▶ Your assignment:
Below is a listing. Return the lines from the one that contains "Nanuk 923 Protective Case with Cubed Foam" to the one that contains "Clarifying Masque by Pure Skin Science", both ends included, verbatim and with no pictures.

▶ Provided information:
════════

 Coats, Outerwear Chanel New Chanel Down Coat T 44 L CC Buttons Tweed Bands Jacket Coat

════════

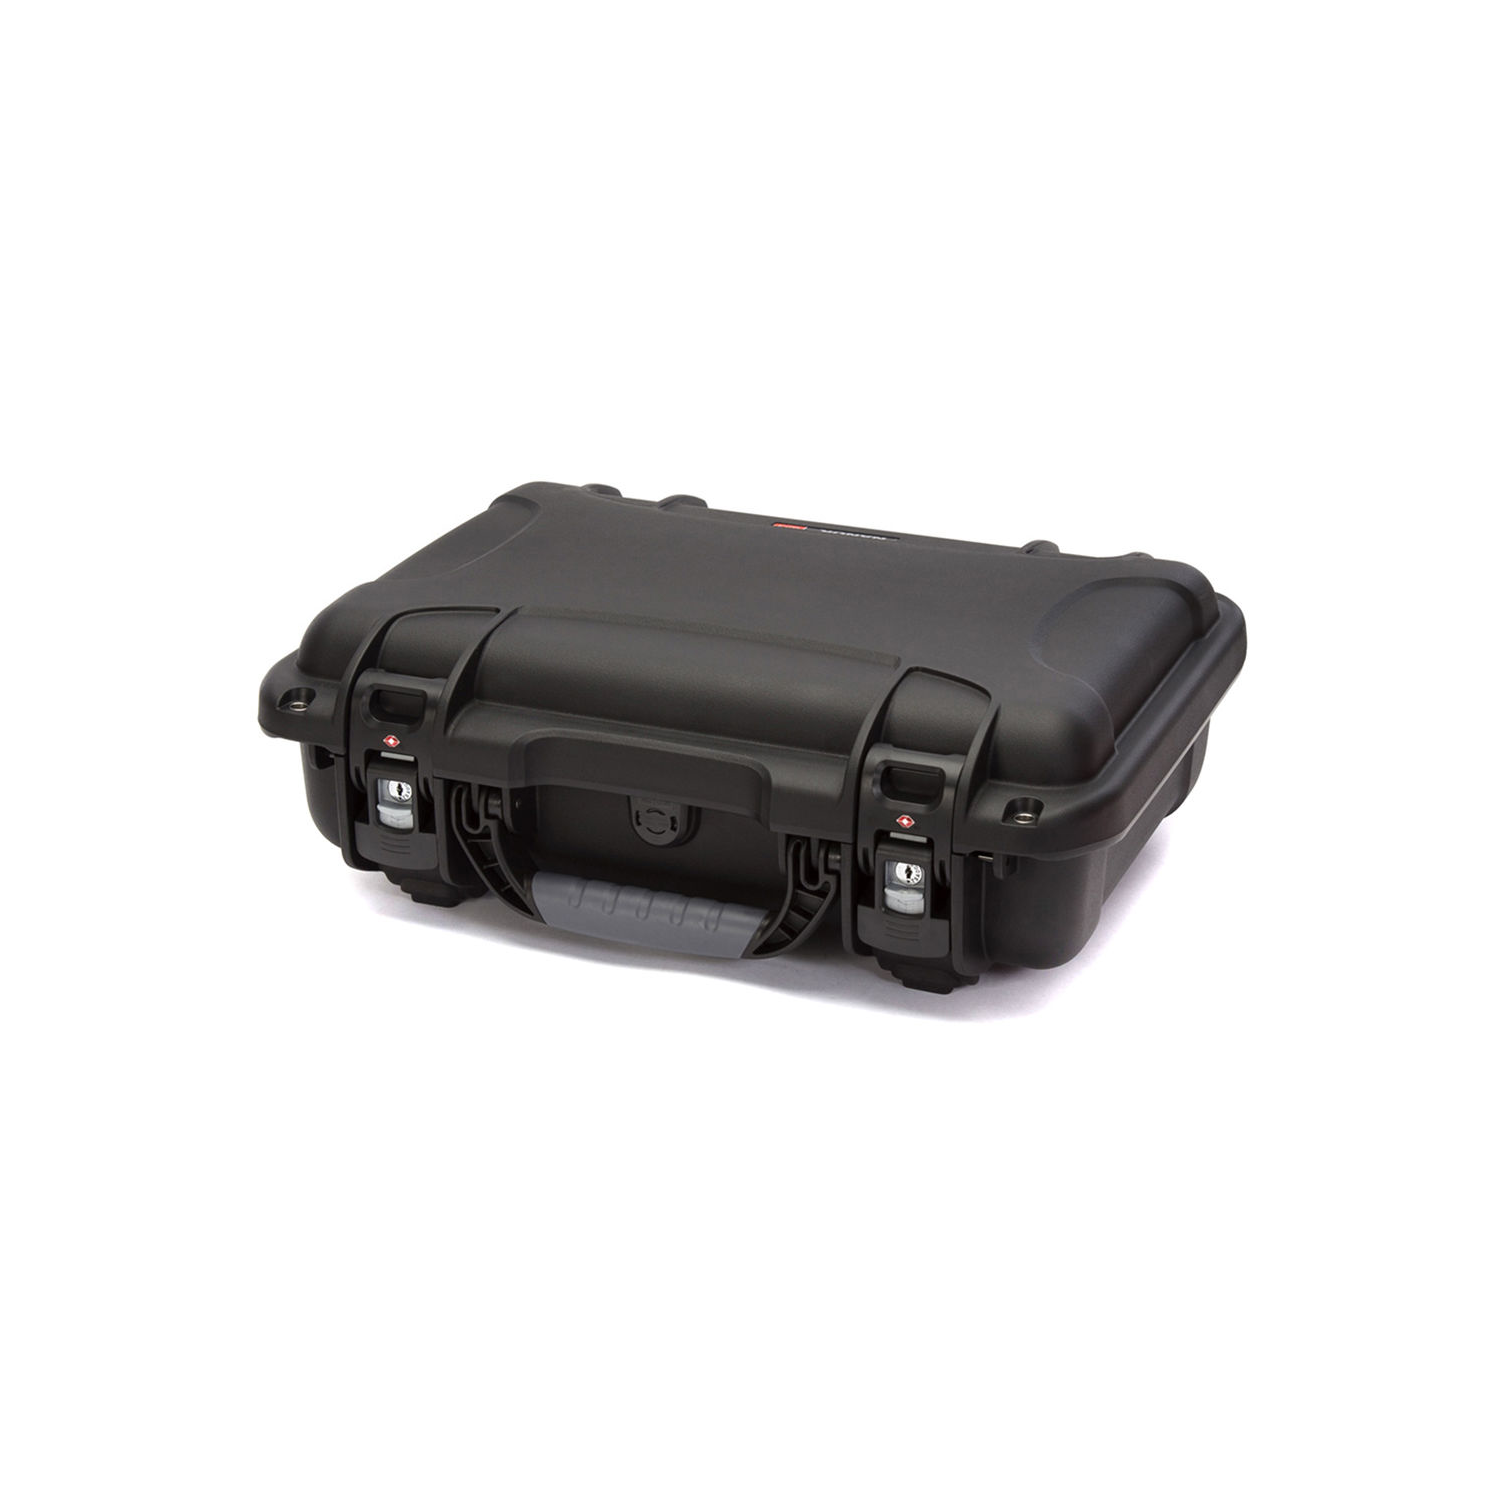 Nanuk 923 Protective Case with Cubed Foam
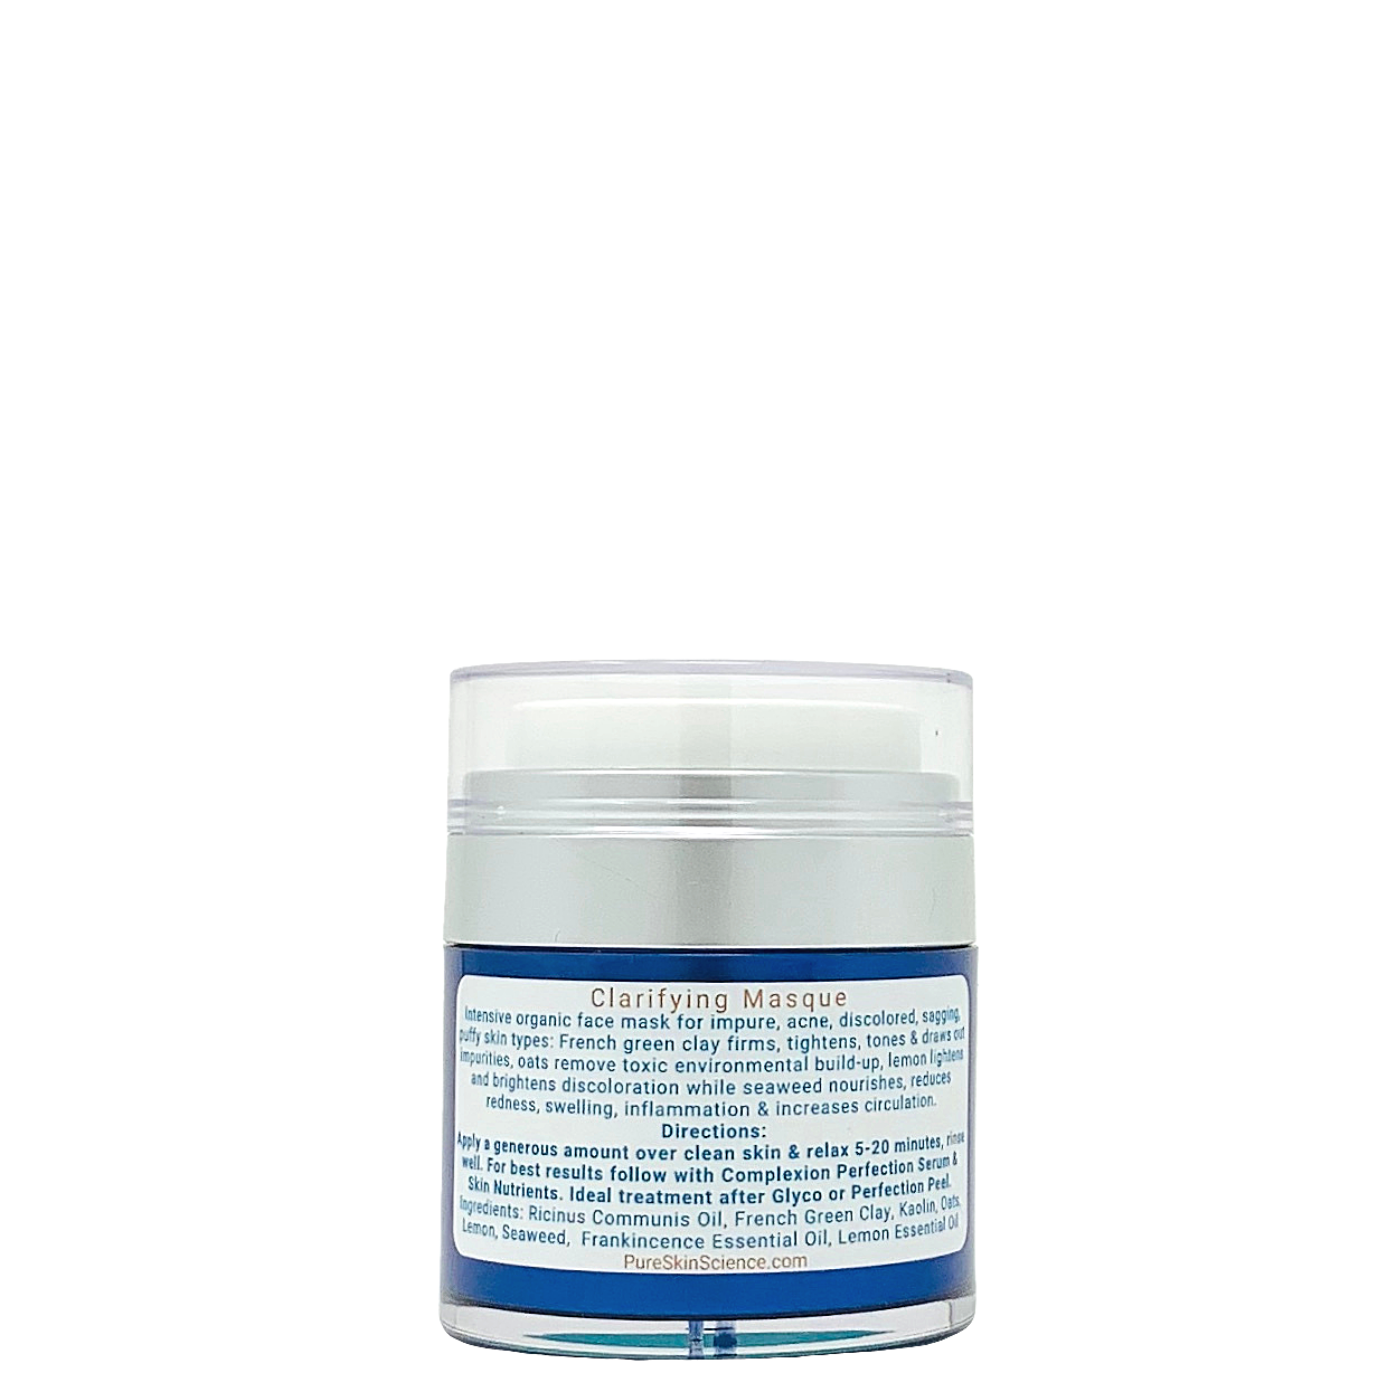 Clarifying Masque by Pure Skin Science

════════

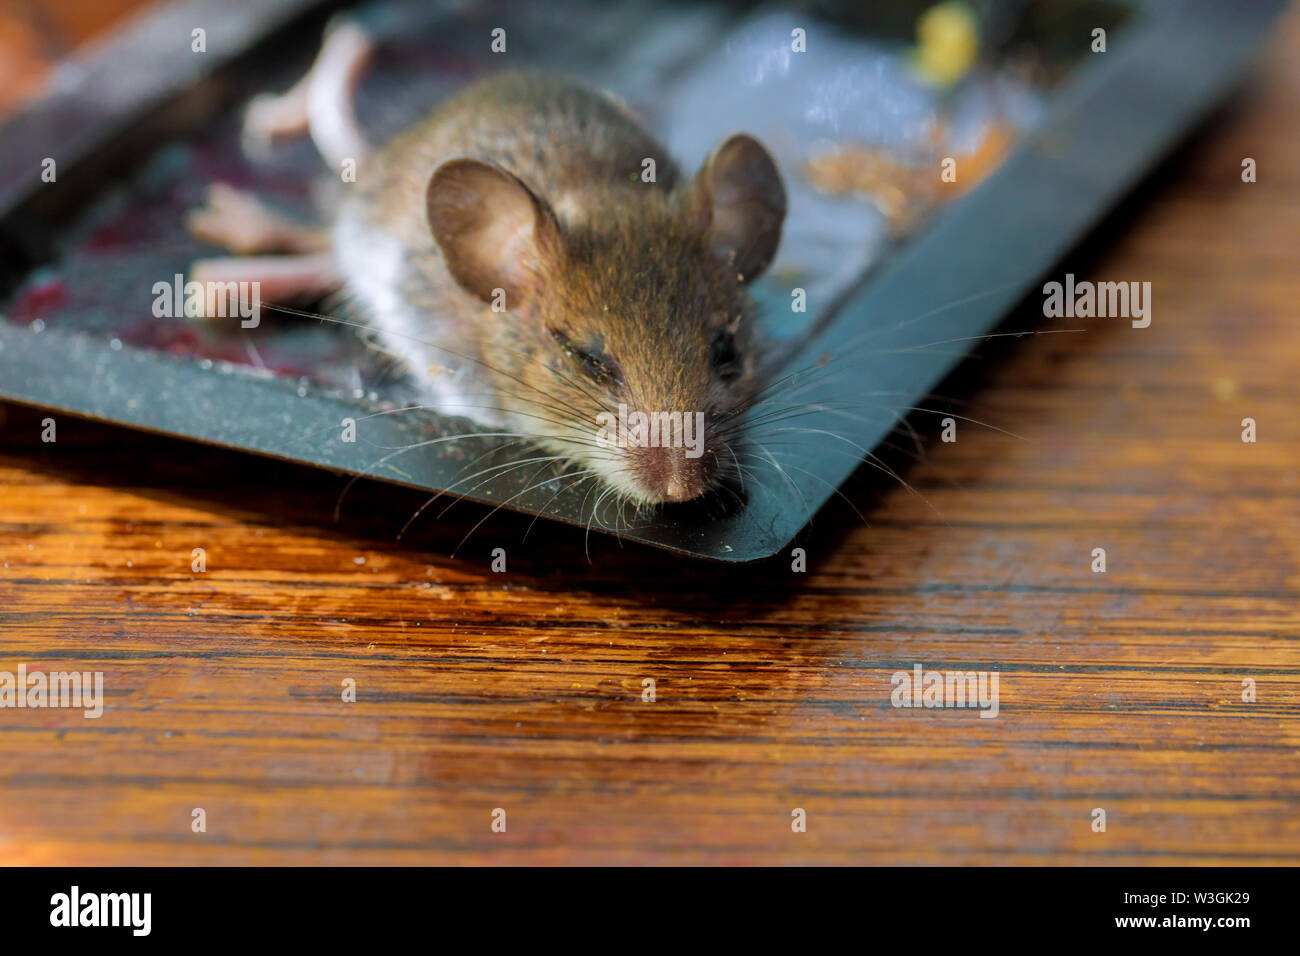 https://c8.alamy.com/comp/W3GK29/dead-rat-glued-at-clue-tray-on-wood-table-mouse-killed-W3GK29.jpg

════════

▶ Solved problem:
 Nanuk 923 Protective Case with Cubed Foam
 Clarifying Masque by Pure Skin Science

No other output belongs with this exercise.